There were two significant issues in the case: first, the meaning and impact of the post-nuptial agreements signed by both parties; and second, whether or not the husband had made a special contribution such that the amount now payable to the wife should be less than it otherwise might have been.

The High Court judge awarded the wife half the net assets, which was at least £72 million; the parties were to attempt to agree the extent of the net wealth as at 31 December 2014 by reviewing the relevant discounts claimed by the husband. The first $60 million was to be paid within 28 days, the balance by a set date. The interim maintenance was to continue to be paid until the husband had paid the balance.

The wife received a total of $108.861 million within 21 weeks of the order. That represented half of the wealth on the basis of the husband’s discounted figures. The first ($60 million) tranche was achieved without the husband liquidating any of his assets, using a combination of cash and a $16 million draw down facility. The remainder was provided by liquidating four investment funds at short notice – although during the hearing he had argued that the value of these funds should be discounted by 25% to allow for the need to liquidate at short notice, in fact he achieved full face value on liquidation. The wife was willing to accept assets in specie rather than cash, and offered a round table meeting to discuss how best to achieve this. The husband did not reply directly to this, but did offer an additional sum of just under £2 million as the final payment. Despite the husband’s initial assertions that actual investments could not be transferred because the investment managers concerned would not consent, it later emerged that 29 investments were transferable, with a combined gross value of just over $54.7 million, or a discounted value of just under $43.8 million. The wife calculated that without any discounts she would be entitled to just under $10.5 million extra, but said she was prepared to accept $8.2 million (as a time-limited 2 week offer).

The husband was granted permission to appeal the special contribution decision, In the meantime, the issues as to computation and extraction, which the parties had been unable to agree, came back to court to be heard by a different judge. The High Court judge awarded the wife a further $5.5 million.

The husband’s appeal against the original decision gave the Court of Appeal an opportunity to review the issue of special contribution.

The Court of Appeal dismissed the husband’s appeal.

The issues raised by this appeal were to be summarised as: 
(i) what was the proper approach to the determination of whether a party had made a special contribution which, in the application of the sharing principle, justified an unequal division of marital wealth; 
(ii) did the concept of special contribution remain valid or should it be discarded as being discriminatory; 
(iii) had the judge at first instance applied the proper approach; 
(iv) if his decision was wrong, what division of the matrimonial property should have been made? Although it was clear that the concept of special contribution, as currently applied, was potentially relevant in only a very small number of cases, when determining these issues the court should place significant weight on the public interest in the promotion of clarity and consistency. Provided the guidance was authoritative, it was to be applied whether or not the guidance was part of the reasoning behind the actual decision. To follow guidance only if it was part of the reasoning was too restrictive in the context of s 25 of the Matrimonial Causes Act 1973, which gave an unfettered discretion, especially when cases involving its application would only very occasionally reach the Supreme Court and, although more frequently, only occasionally reach the Court of Appeal.

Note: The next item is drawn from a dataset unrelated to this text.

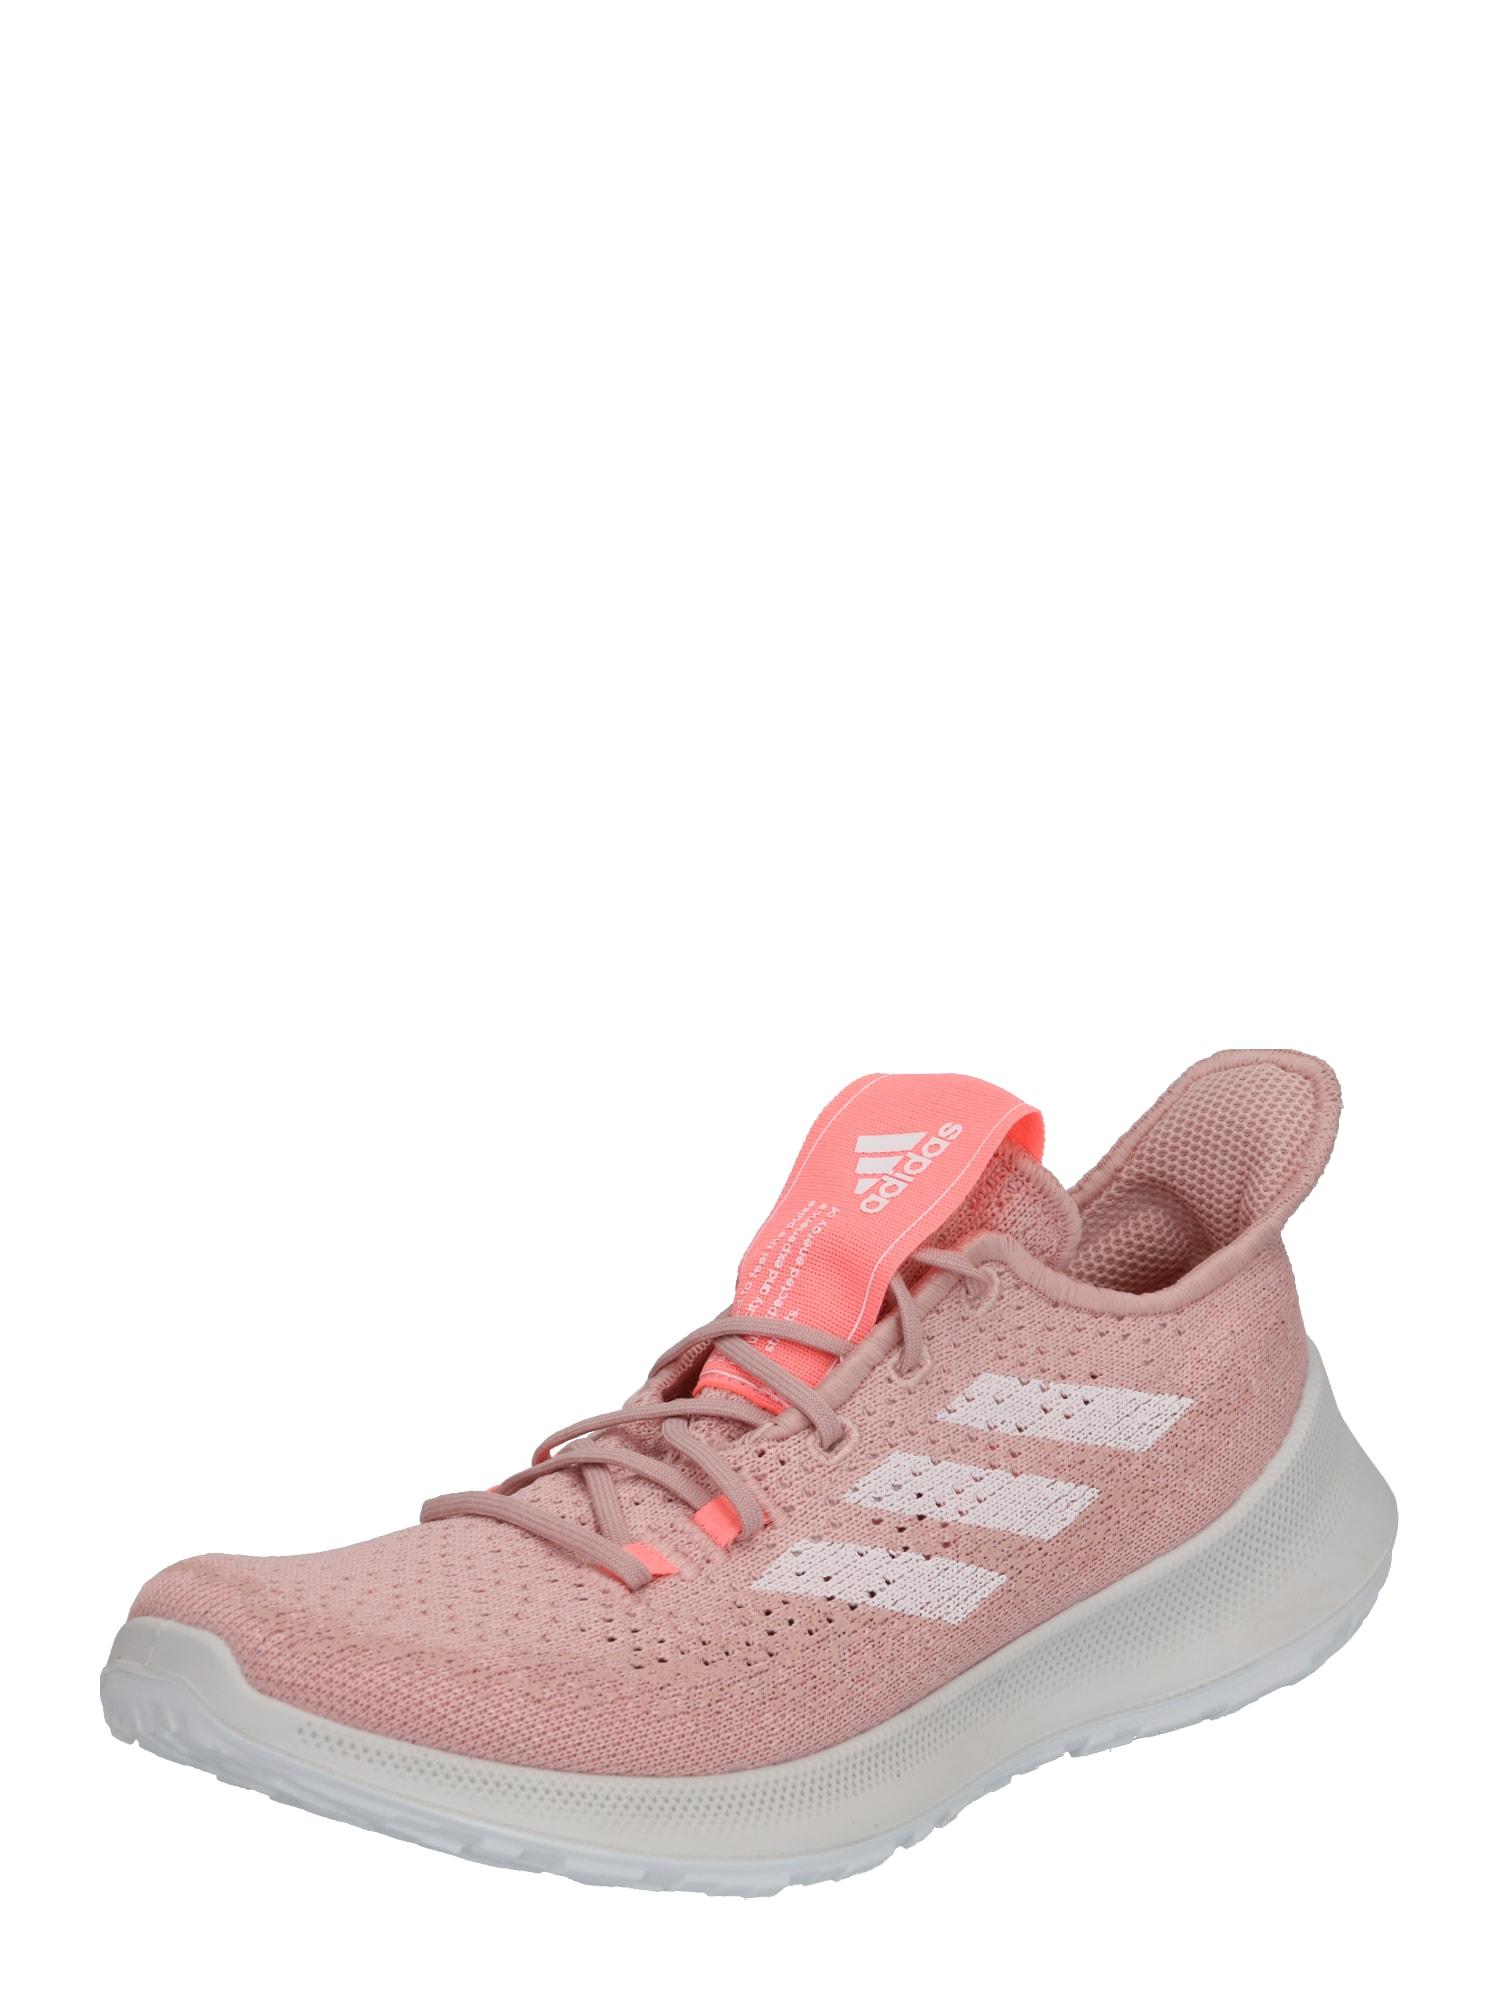 ADIDAS PERFORMANCE Sportiniai batai 'SENSEBOUNCE' rožių spalva / balta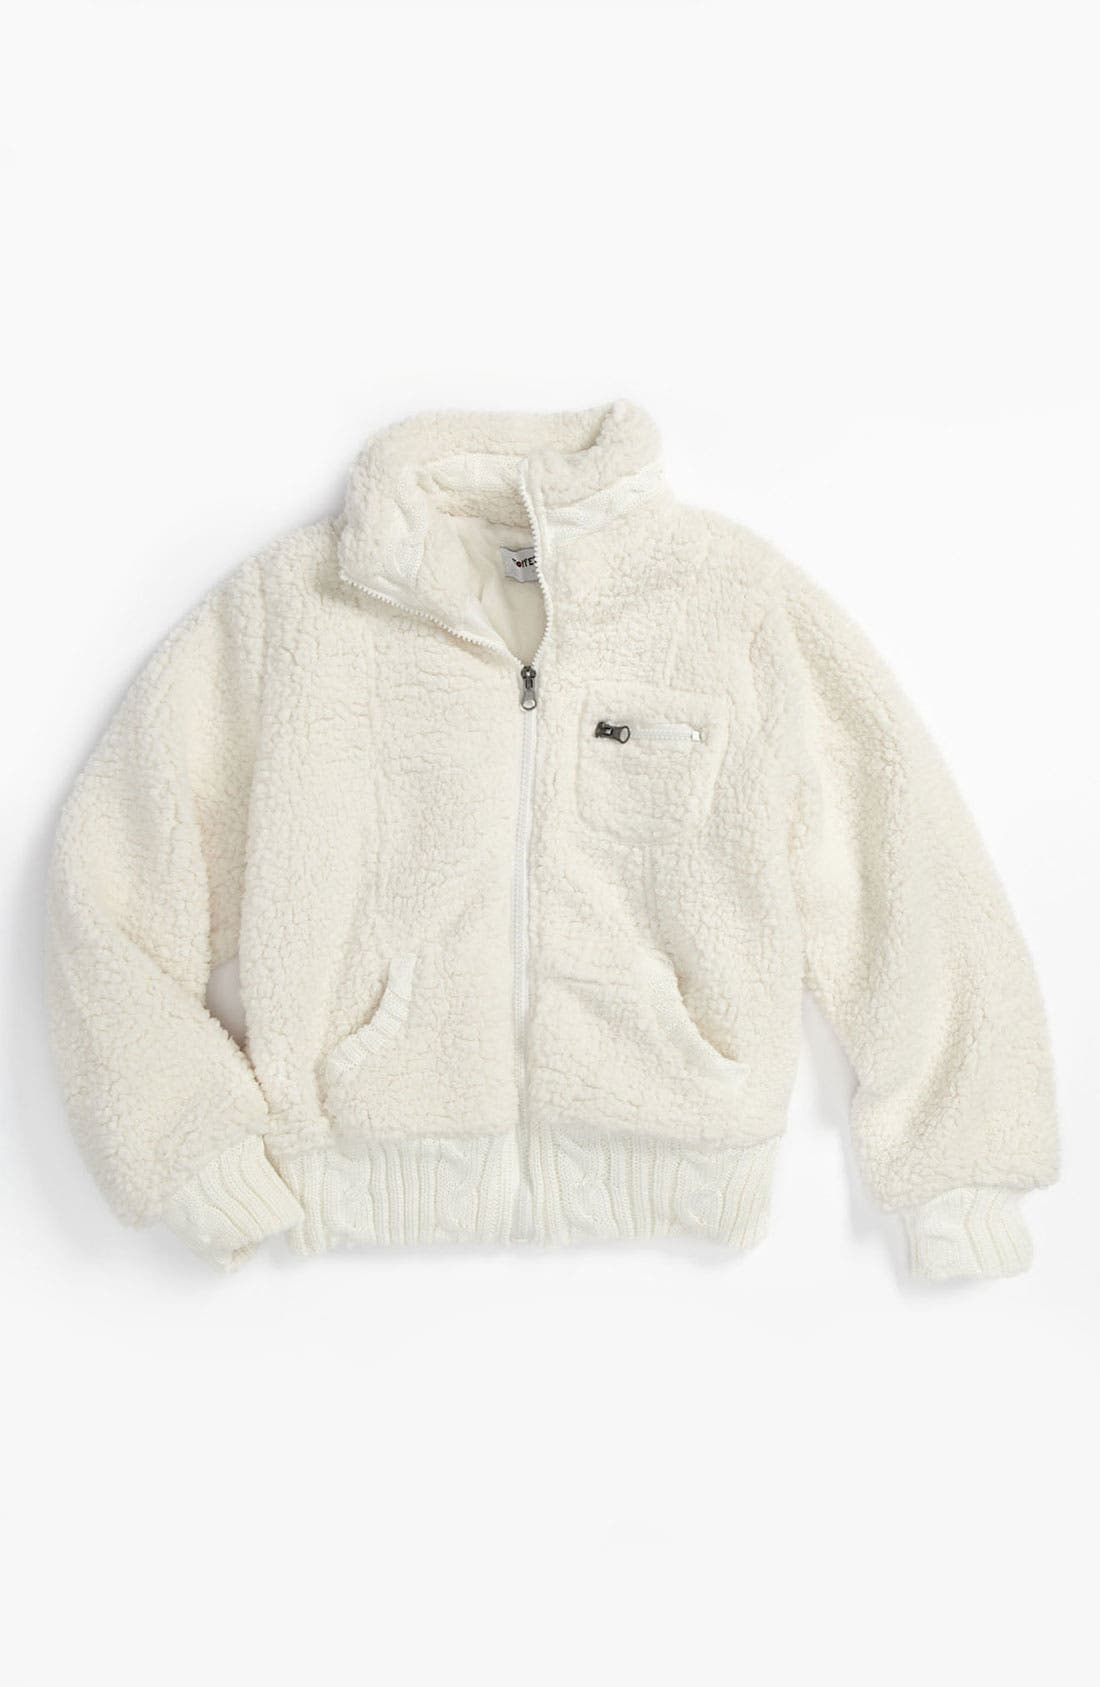 'Wubby' Faux Shearling Jacket,                             Main thumbnail 1, color,                             900

Having regard to the very small number of reported cases in which special contribution had been raised as an issue, the outcomes in those cases made it difficult to sustain the submission that there was uncertainty in the manner in which it was to be determined. Subject to argument on the present appeal based on discrimination and the Convention and on developments in the corresponding Australian jurisprudence, nothing had in fact occurred in the years since Miller v Miller; McFarlane v McFarlane [2006] 2 AC 618 and Charman v Charman (No 4) [2007] 1 FLR 1246 showing that the principles in those cases were erroneous or had caused unfairness. There was no doubt that concepts of discrimination, equality and fairness changed with time, and this was reflected in the changing jurisprudence on the application of s 25 of the MCA 1973 over time. In the absence, however, of any significant change in perceptions of fairness since Miller and Charman, it was not open to the Court of Appeal to substitute any personal concepts of fairness for those reflected in the principles on special contribution laid down by the House of Lords.

The Australian cases, relied upon by the wife, did not assist. The Australian legislation was differently phrased to the MCA 1973, and the Australian jurisprudence did not throw up any arguments which had not been deployed or potentially available in Miller or Charman.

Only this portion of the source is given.